During the season, a controversy arose in which Don Ohlmeyer (NBC West Coast president) made the decision to remove Norm Macdonald from his position as Weekend Update anchor. Ohlmeyer claimed the decision was made because of ratings going down during the segment, though MacDonald and others believed the decision was a result of jokes in the segment about O.J. Simpson, a friend of Ohlmeyer. Macdonald's final episode as Update anchor was on December 13, 1997. Quinn was then promoted to the job and anchored the segment in the next live episode, which aired January 10, 1998. Macdonald performed in sketches, but was angry about the change-up and ultimately quit the show; his final appearance was on March 14, 1998, after five seasons on the show since 1993.
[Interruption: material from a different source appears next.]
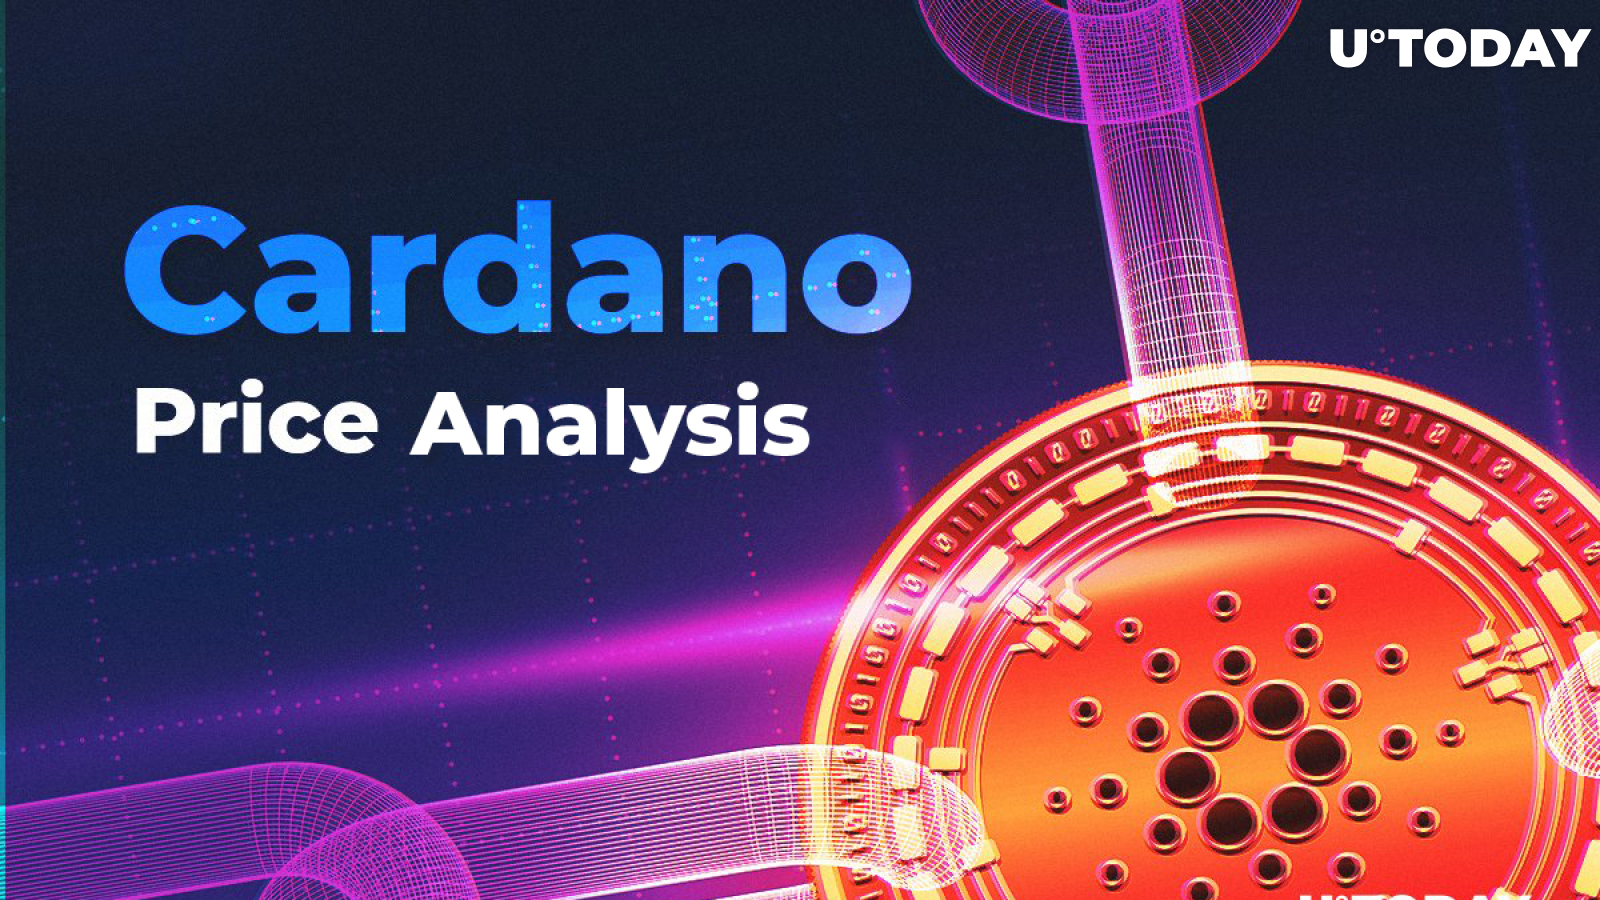 Cardano Price Analysis — How Much Might the Cost of ADA Be in 2019-20-25?
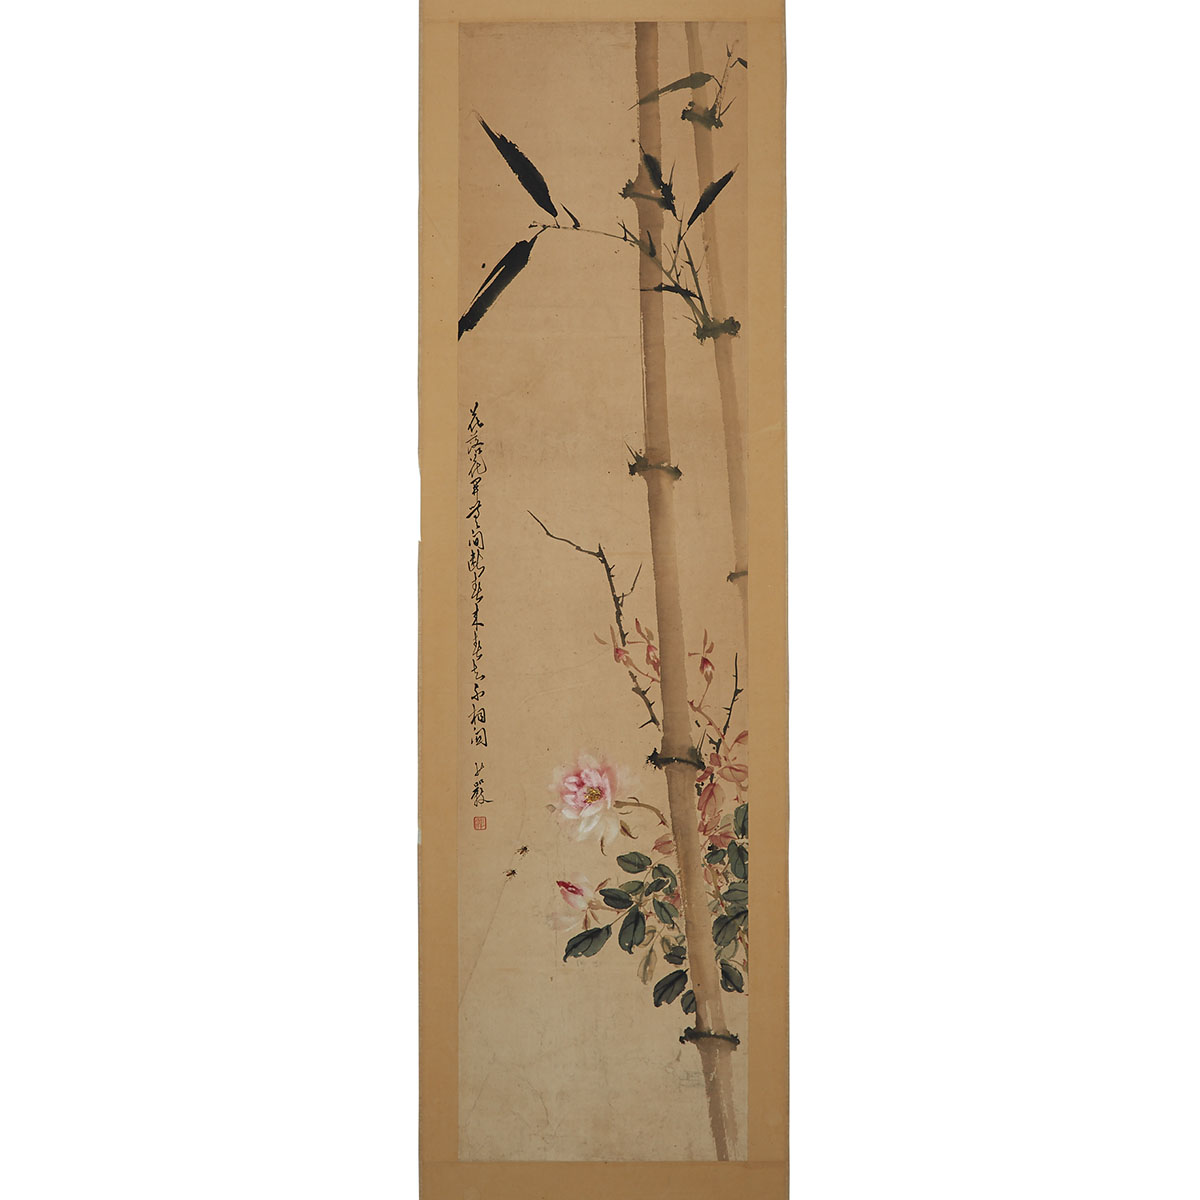 Ou Shaoyan 歐少儼, Bamboo and Flowers

This was also the final season for Jim Breuer as he left the show at season's end after three seasons to move on to other acting opportunities.

===Cast roster===

Repertory players

- Jim Breuer
- Will Ferrell
- Ana Gasteyer
- Darrell Hammond
- Chris Kattan
- Norm Macdonald (final episode: March 14, 1998)
- Tim Meadows
- Tracy Morgan
- Cheri Oteri
- Colin Quinn
- Molly Shannon

bold denotes Weekend Update anchor

==Writers==

Future cast member/head writer Tina Fey joins the writing staff in this season.

Adam McKay continues as the sole head writer, while Tim Herlihy is promoted to a producer alongside Steve Higgins.

Fellow regular writer Paula Pell is named as a creative consultant (nowadays a writing supervisor) this season.

With the Sarah Michelle Gellar-hosted episode, future Parks and Recreation/The Good Place creator Michael Schur joined the writing staff. Decades later, Schur explained that he initially applied for the job at the start of the season, but Fey was hired over him, and that he was hired over the show's winter break.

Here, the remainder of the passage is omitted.